An exact copy of the listing below is needed, with no pictures in it.

▶ **DATA BELOW**:
>>>>>
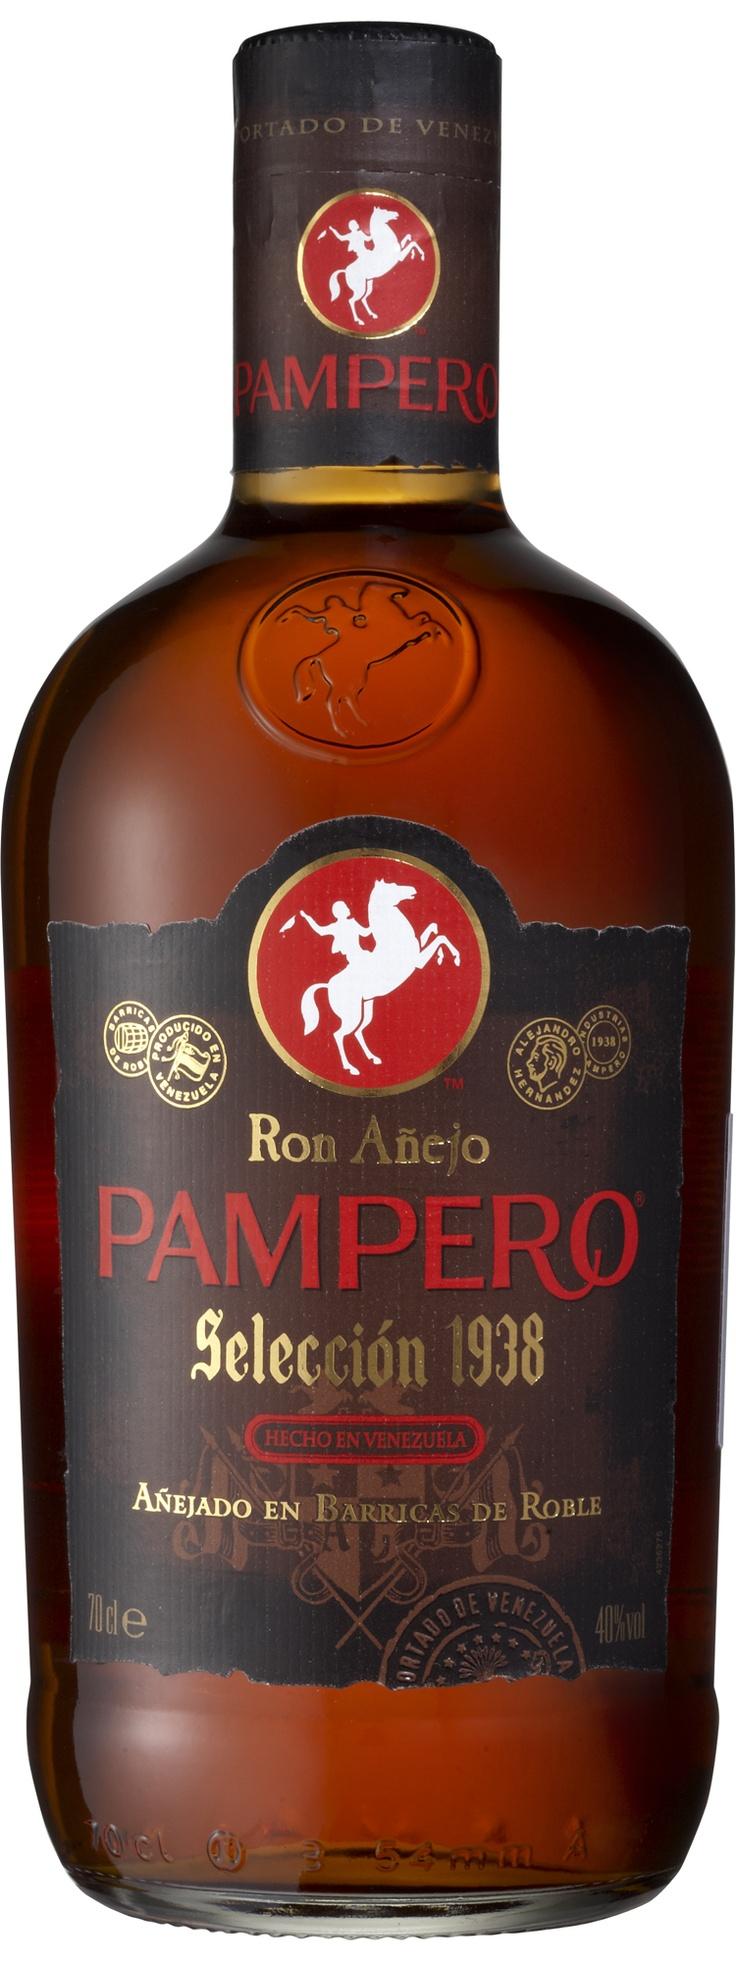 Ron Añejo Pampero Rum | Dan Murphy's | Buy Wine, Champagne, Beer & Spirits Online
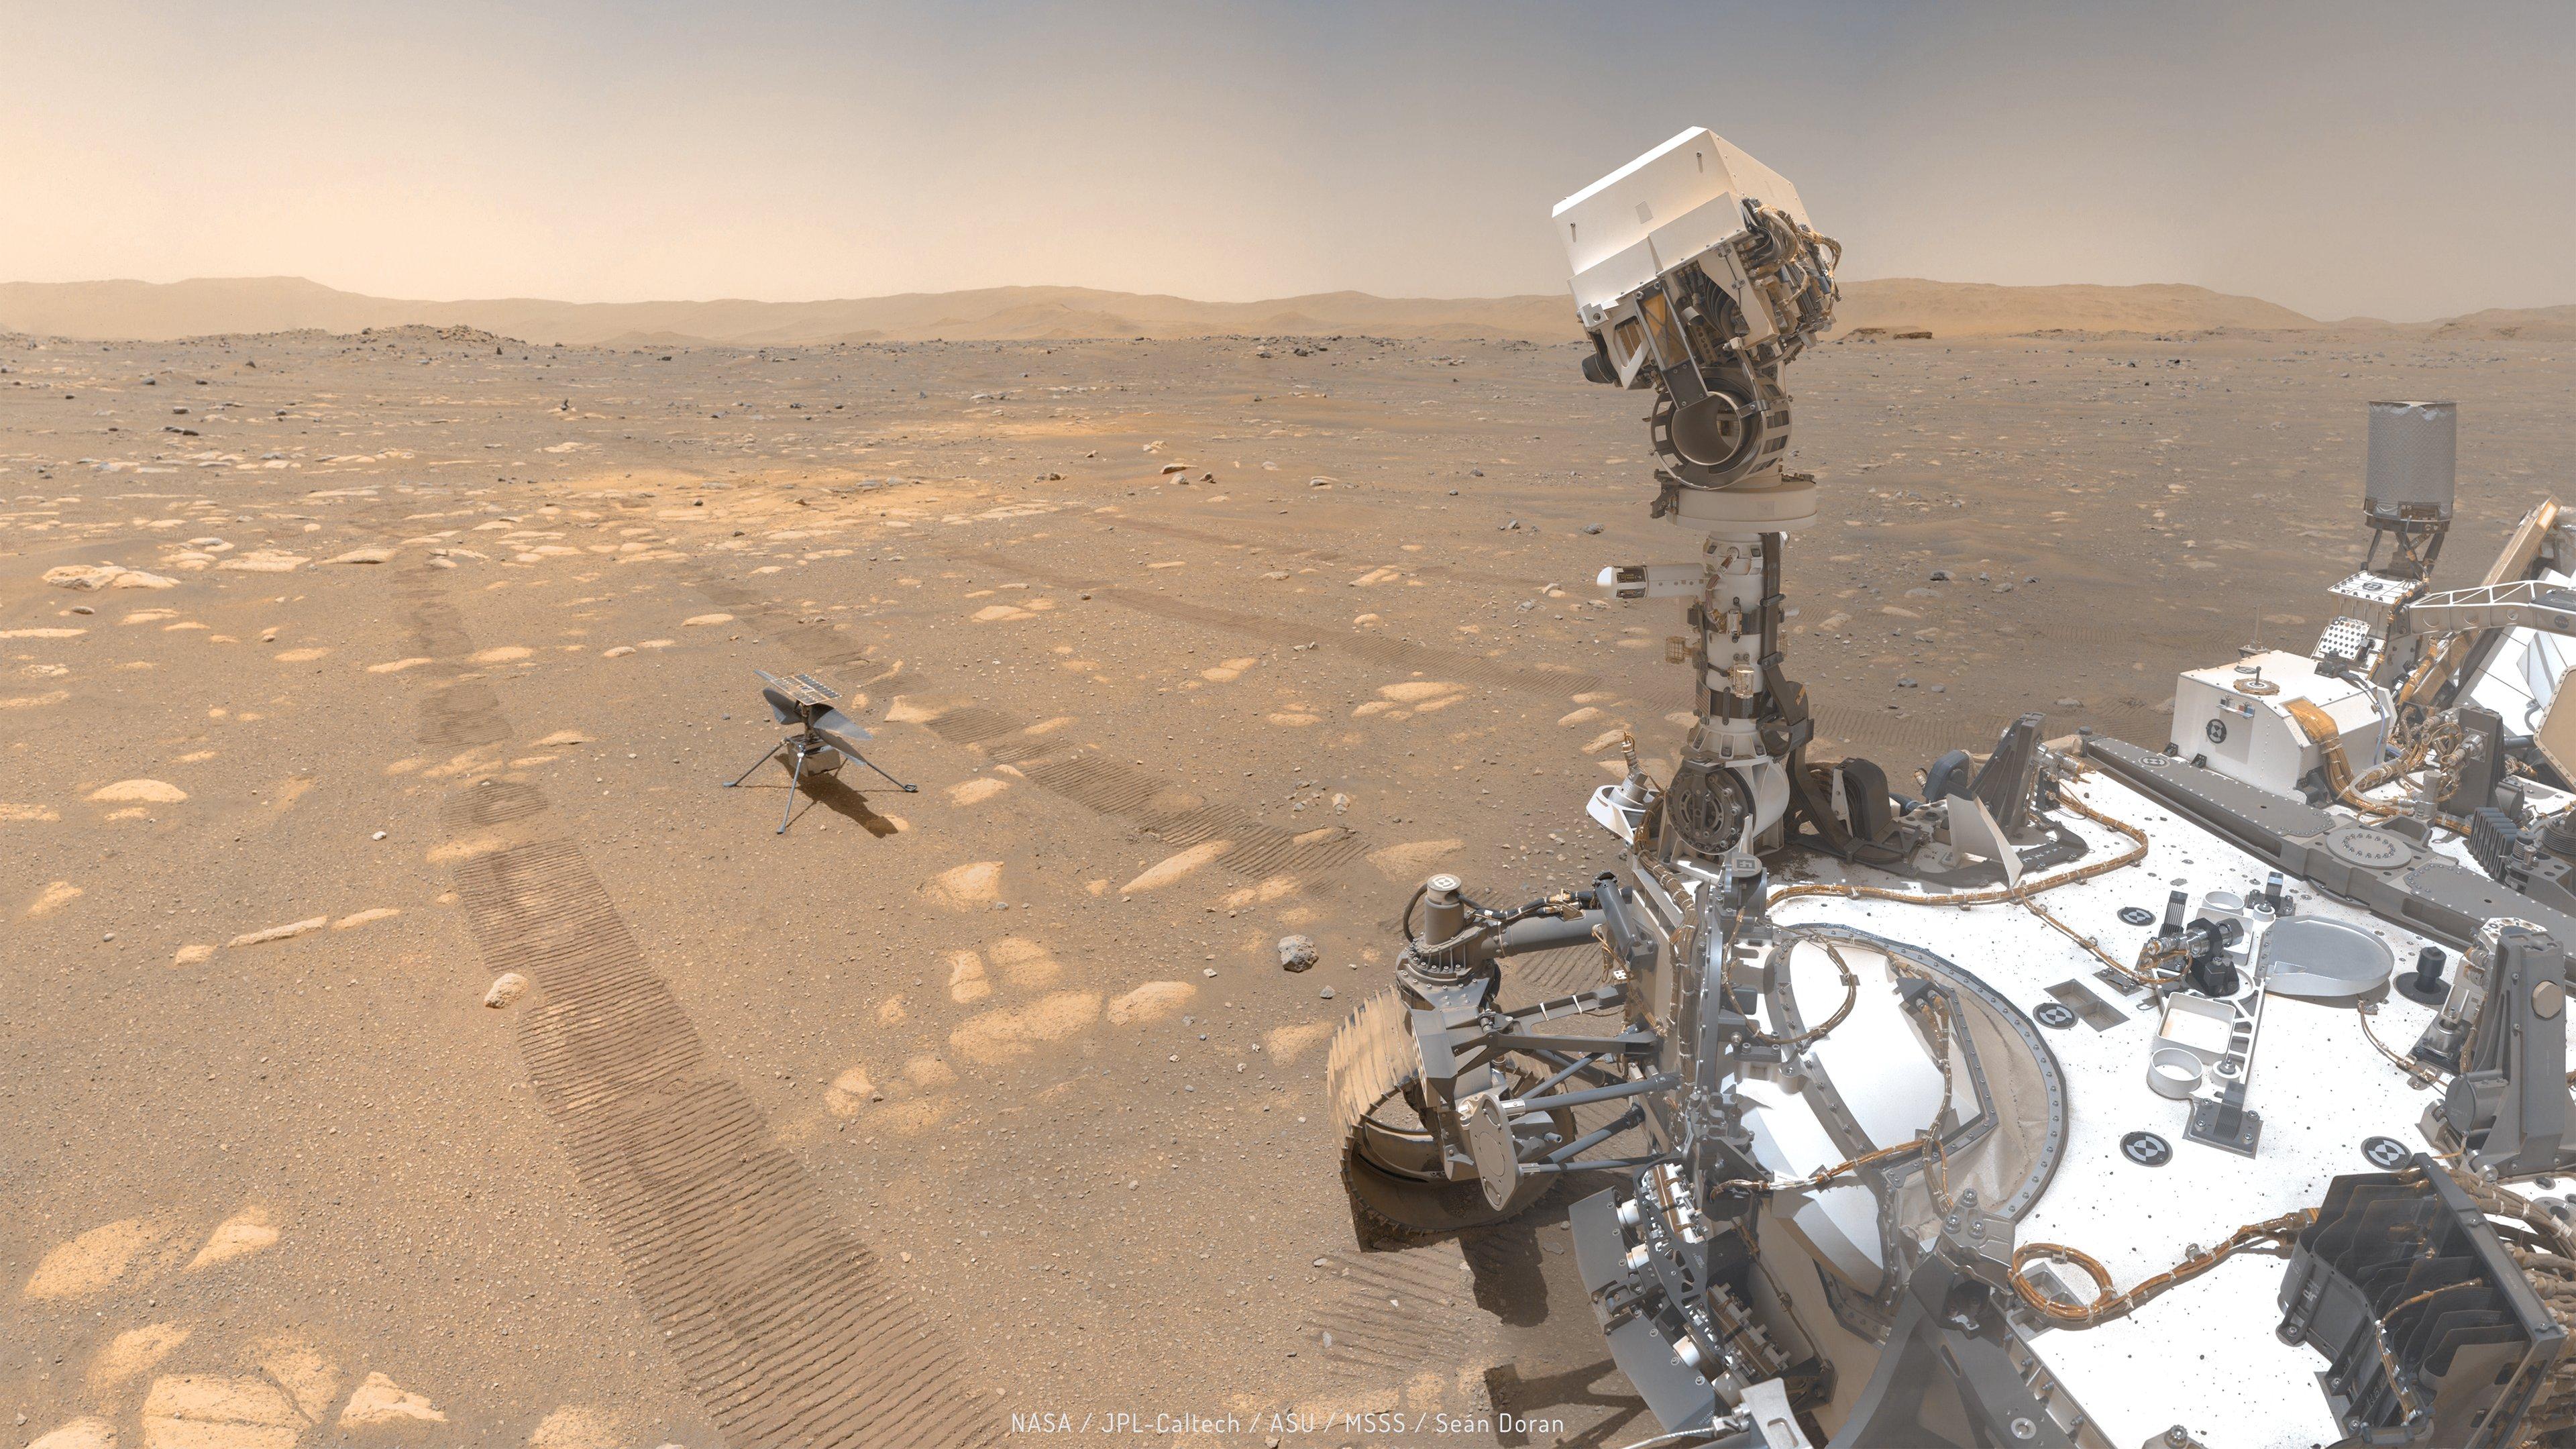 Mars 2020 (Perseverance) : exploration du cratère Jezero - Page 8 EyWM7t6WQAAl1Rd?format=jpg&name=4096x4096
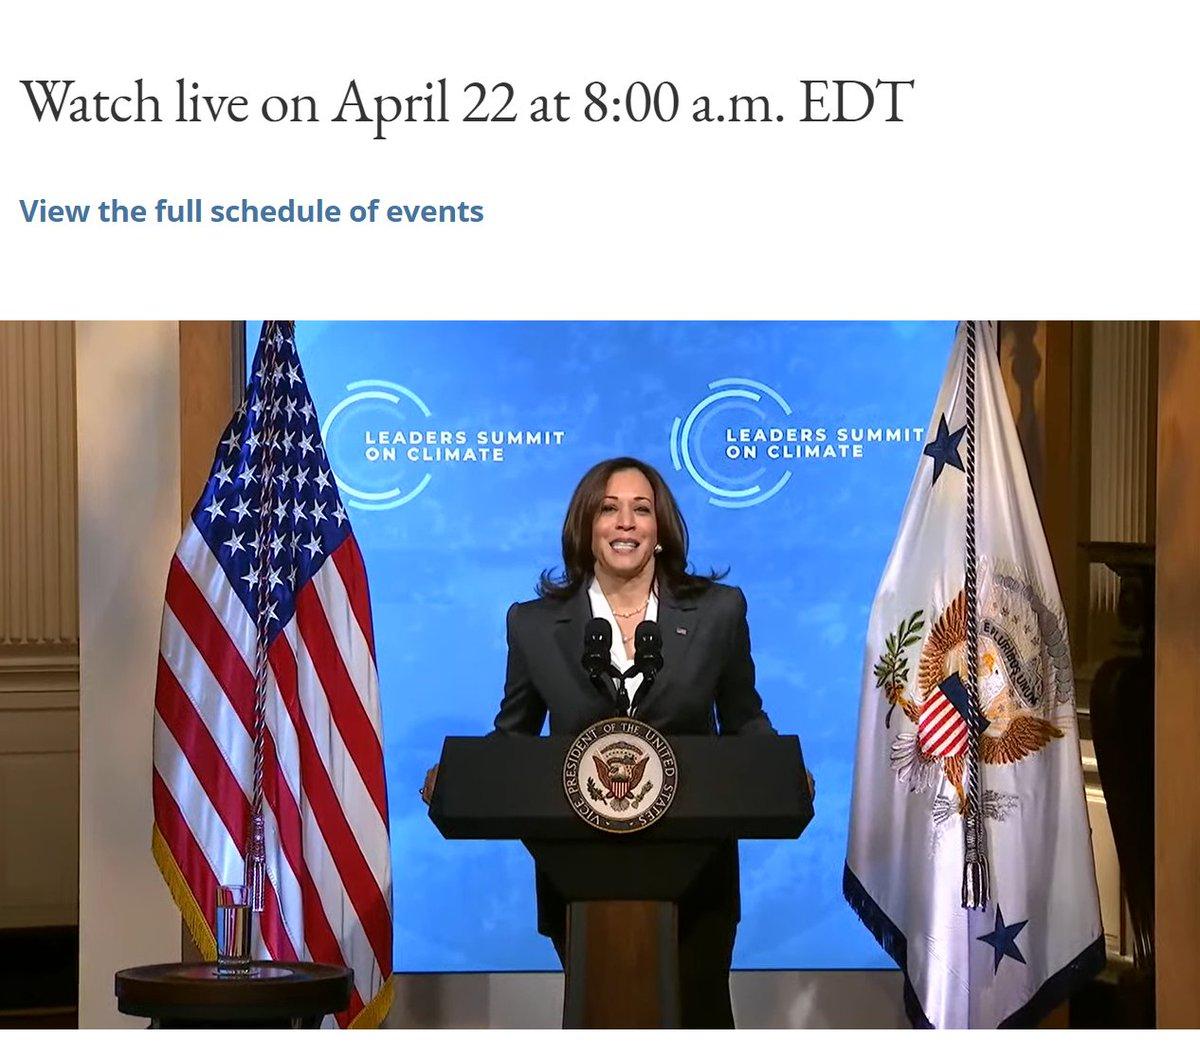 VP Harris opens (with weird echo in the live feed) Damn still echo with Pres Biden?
<<<<<
▶ **ANSWER SECTION**:
 Ron Añejo Pampero Rum | Dan Murphy's | Buy Wine, Champagne, Beer & Spirits Online
 Mars 2020 (Perseverance) : exploration du cratère Jezero - Page 8 EyWM7t6WQAAl1Rd?format=jpg&name=4096x4096
 VP Harris opens (with weird echo in the live feed) Damn still echo with Pres Biden?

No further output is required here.